1. HABERLER

  2. ÇEVİRİ

  3. ABD'nin bir partiye ihtiyacı yok, sadece bir devrime ihtiyacı var
ABD'nin bir partiye ihtiyacı yok, sadece bir devrime ihtiyacı var

ABD'nin bir partiye ihtiyacı yok, sadece bir devrime ihtiyacı var

Amerika Birleşik Devletleri hükümeti, henüz tamamen olmasa da, esas olarak sermaye ve bu sermayenin büyük kısmına sahip olanların hizmetinde çalışmaktadır.

31 Aralık 2025 Çarşamba 23:13A+A-

Ron Jacobs’un Counter Punch’da yayınlanan yazısı, Haksöz Haber tarafından tercüme edilmiştir.


İki yüz elli yıl önce, çoğunluğu İngiltere'den gelen Avrupalı kolonistler (yerleşimciler), bugün Amerika Birleşik Devletleri olarak bildiğimiz topraklardan İngiliz monarşisinin unsurlarını kovmak için komplo kuruyorlardı. Komplonun çoğu üyesi, çalınan topraklar, köleleştirilen insanlar veya gerçek paralarla ölçülse de, çoğunlukla kişisel mali kazançlarla ilgileniyordu. Katılımcıların çoğu için herkesin özgürlüğü gündemde değildi. Ancak, kârlarını koruma özgürlüğü gündemdeydi. Yıllar boyunca, kurucu babaların niyetlerinin dışında kalan insanların mücadelesi inişler ve çıkışlar yaşadı, zaman zaman bu özgürlükleri kazandılar, ancak zamanla, çoğunlukla mahkemeler aracılığıyla, ancak neredeyse aynı sıklıkta yasama organları ve Beyaz Saray'daki beyaz üstünlükçüler aracılığıyla bu özgürlüklerin zayıfladığını gördüler.

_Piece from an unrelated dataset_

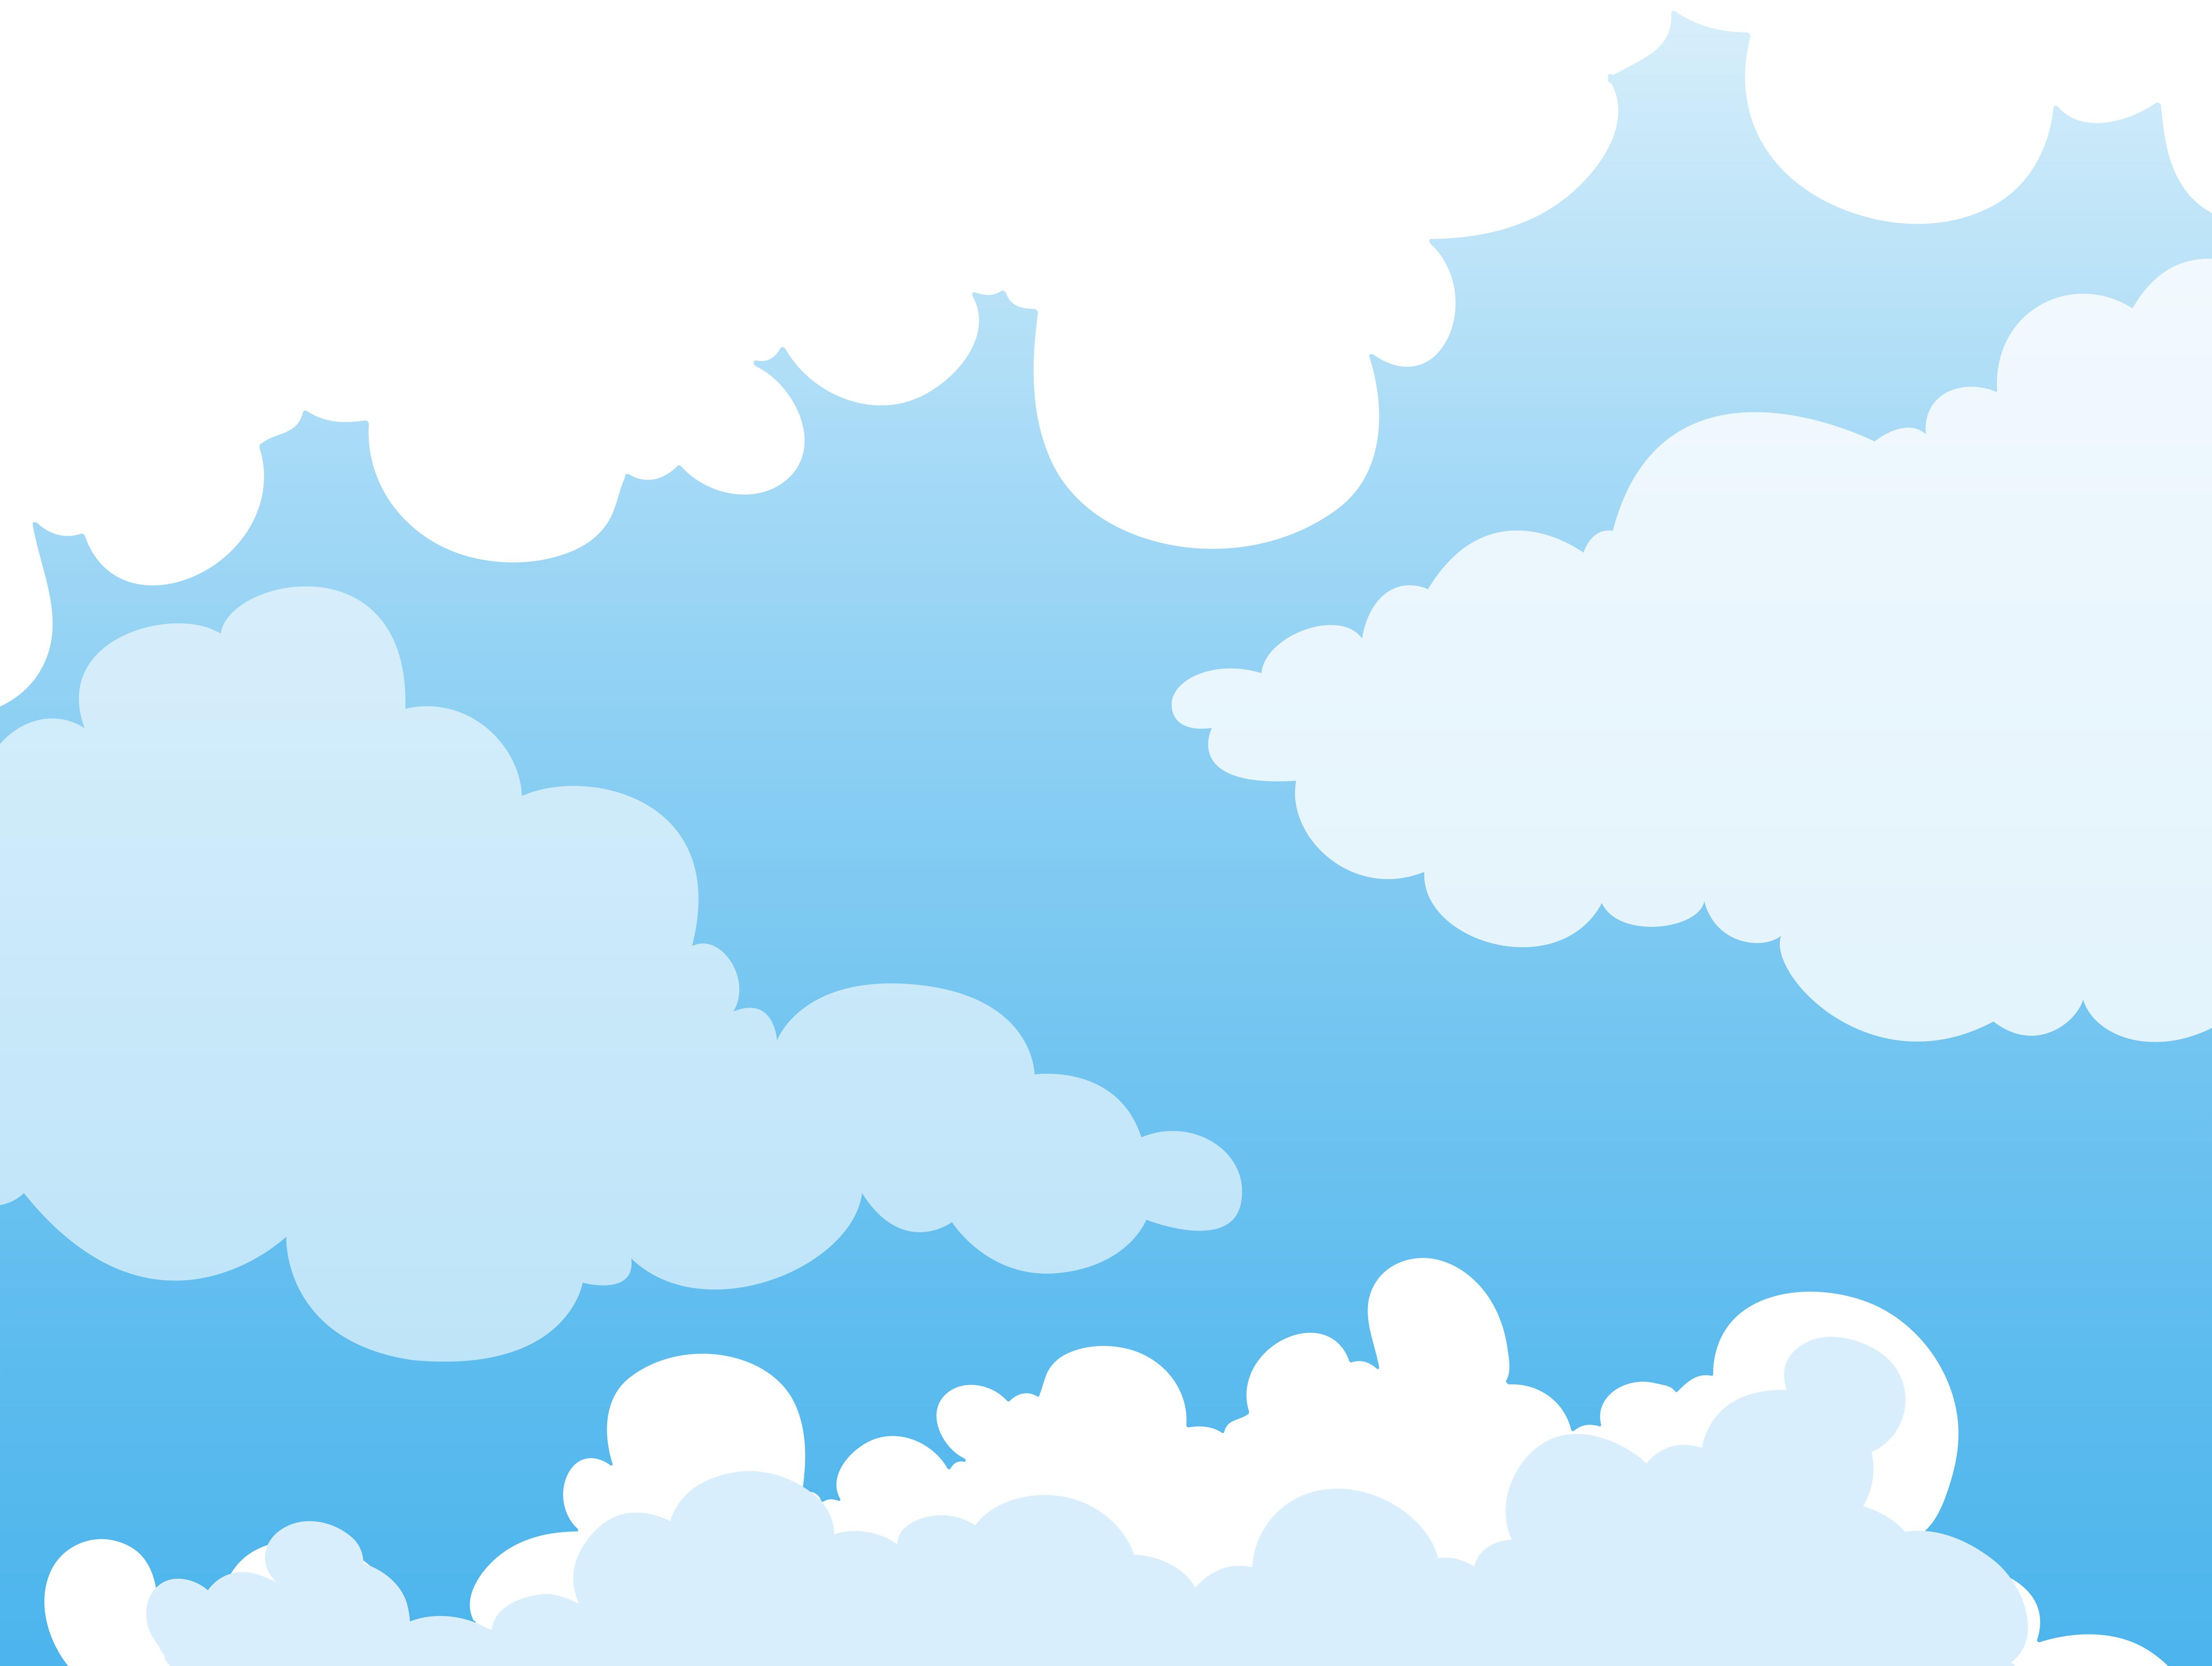 Design De Plano De Fundo Com Nuvens No Ceu Azul Download Vetores

Elli yıl önce, 1976'da, yıl Washington ve medya makinesinin Amerika Birleşik Devletleri'nin iki yüzüncü doğum gününü büyük bir heyecanla kutlamasıyla başladı. Yaklaşık on yedi ay önce Başkan Richard Nixon'ın istifası, ABD'nin yönetim tarzının üstünlüğünün kanıtı olarak kutlandı. Bilirsiniz, kimse kanunların üstünde değildi falan filan. Üstelik 1976 yılı aynı zamanda başkanlık seçimlerinin yapıldığı bir yıldı; bu da, siyasi eğilimi ne olursa olsun ana akım medyanın övdüğü “demokrasi deneyinin” dayanıklılığının bir başka örneğiydi. O zamanlar liberal olan Washington Post ve New York Times, New Hampshire'ın sağcı Manchester Union Leader (şimdiki New Hampshire Union Leader) ve William F. Buckley, Jr.'ın National Review dergisiyle aynı şekilde, özgürlükler ülkesi ve cesurların vatanı hakkında aynı yanıltıcı saçmalıkları haykırıyordu. Ulusun tarihine yapılan övgüler, otoyolları döşeyen ve kehribar rengi tahıl dalgalarının üzerine rayları döşeyen yerli halkın soykırımından hiç bahsetmiyor gibi görünüyordu, oysa Atlantik'i geçerek köleliğe sürüklenen ve torunlarını da tüketen milyonlarca insanın kaderi, çoğu zaman iç savaşın bir sonucu olarak sonuca bağlanıyordu. 1970'lerde çoğu Afrikalı-Amerikalı işçinin durumu, beyaz adamın Amerikan rüyasının başarısının kanıtı olarak nadiren, hatta hiç övülmedi. Langston Hughes'un hatırlattığı gibi, bu rüya çok uzun süre ertelenmişti. Aslında, bu rüya, büyük iki yüzüncü yıl kutlamalarından sadece birkaç yıl önce patlak vermiş ve binlerce polis ve asker tarafından bastırılmıştı.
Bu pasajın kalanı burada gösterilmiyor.